The interesting aspect of the FTBP is that it provides an already standardized model for files, that are by default considered as being “unstructured binary”. It therefore offers a framework, that can be used as appropriate depending on the RAI. Furthermore since the RAI is not well-defined and subject to evolution, the existence of pre-defined parameters facilitates the future support of RAI elements.
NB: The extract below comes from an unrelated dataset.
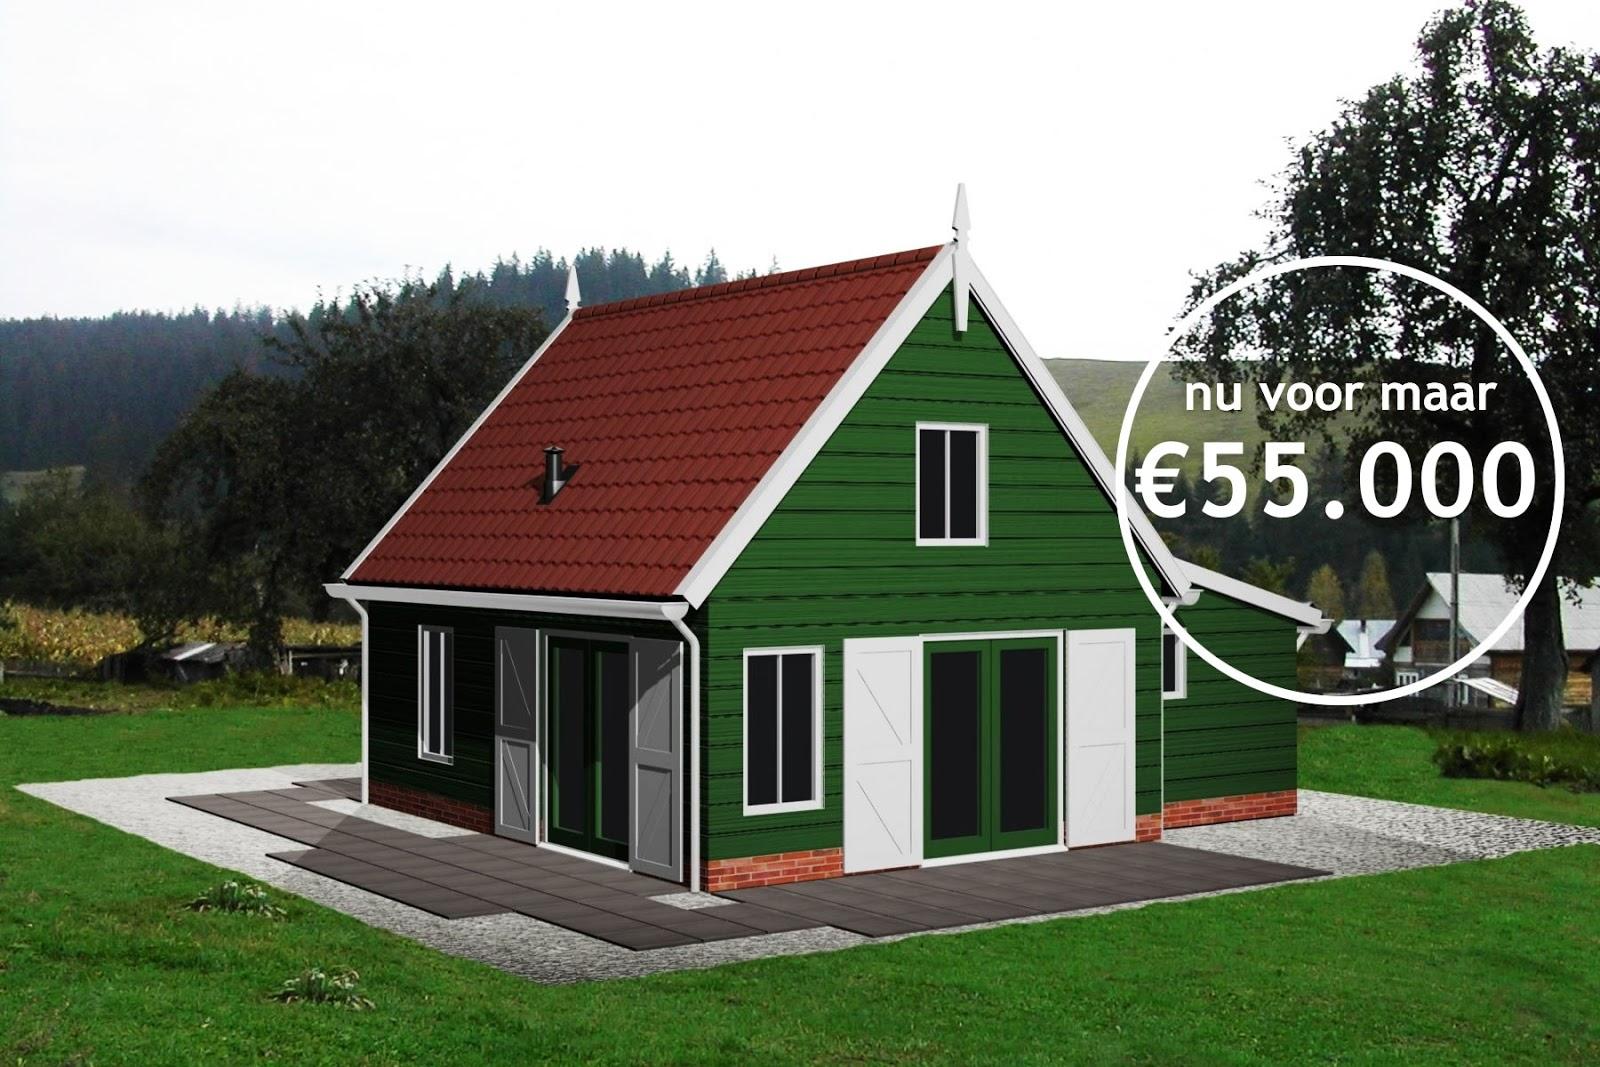 Huis Laten Bouwen : Skeletbouw u e bouw u e zelf houten huis bouwen

The FTBP parameters include 5 parameter sets and an extensions field:

related stored file, which indicates to the recipient any intended relationship between the file in this body part and any file held by the recipient. There is no clear requirement for using this parameter in AMHS;
contents type, which indicates the abstract data types of the contents of the file. One of the elements of this parameter set is “document-type”, which is registered in the ISO FTAM arc[2] of the OID tree. There are 5 registered OID values[3]. In AMHS this should be used to indicate “unstructured binary file”;
environment, which describes the machine, operating system, application, etc. from which the file originated. The optional “application” element is an OID. It may be associated with a (optional) descriptive identifier, which is a GRAPHICAL STRING. The Electronic Messaging Association (EMA) has registered OIDs to be used in the “application” field. These OIDs correspond to popular software packages (Word, Excel, WordPerfect, Lotus Notes, etc.), thereby enabling the recipient UA to determine the appropriate viewer for the file. Certain OIDs registered by EMA are also generic (“generic binary attachment”, “generic text attachment”, etc.). In AMHS this could be used to indicate the message-type, by means of the “application” element, provided that it does not conflict with another usage based on EMA- (or another body) registered values.;
compression, which describes the compression type if the file is transferred in a compressed-mode. There is no clear requirement for using this parameter in AMHS;
file attributes, which conveys a set of optional file attributes. When the recipient is to create a new file, these values are to be used in establishing the initial file attributes. 15 attributes are defined, including an attribute-extensions field. The ASN.1 syntax for most of these attributes was originally defined in ISO 8571-2, FTAM, and it is imported in the X.420 IPMS ASN.1. In AMHS this should be used to convey at least the file pathname (one of the attributes), which could include the message type, and possibly date/time information (3possible attributes) if needed.

Furthermore, ISO/IEC ISP 12062-2:1997 (AMH21 – IPM Content) mandates support of FTBP in reception (see ref [6], A.1.3.1) as part of the ISP basic requirements. Support in origination is optional only. ISO/IEC ISP 12062-2:1997 is the 2nd Edition of the ISP[4]. This demonstrates a significant interest for this type of body part among the MHS implementers’ community at the time when the ISPs were developed[5]. ISO/IEC ISP 12062-2 mandates a minimal number of elements among the file-transfer parameters:

contents-type,
application-reference,
pathname,
date/time of last modification,
object-size.

Although minimal, this should be sufficient for the envisaged RAI in AMHS.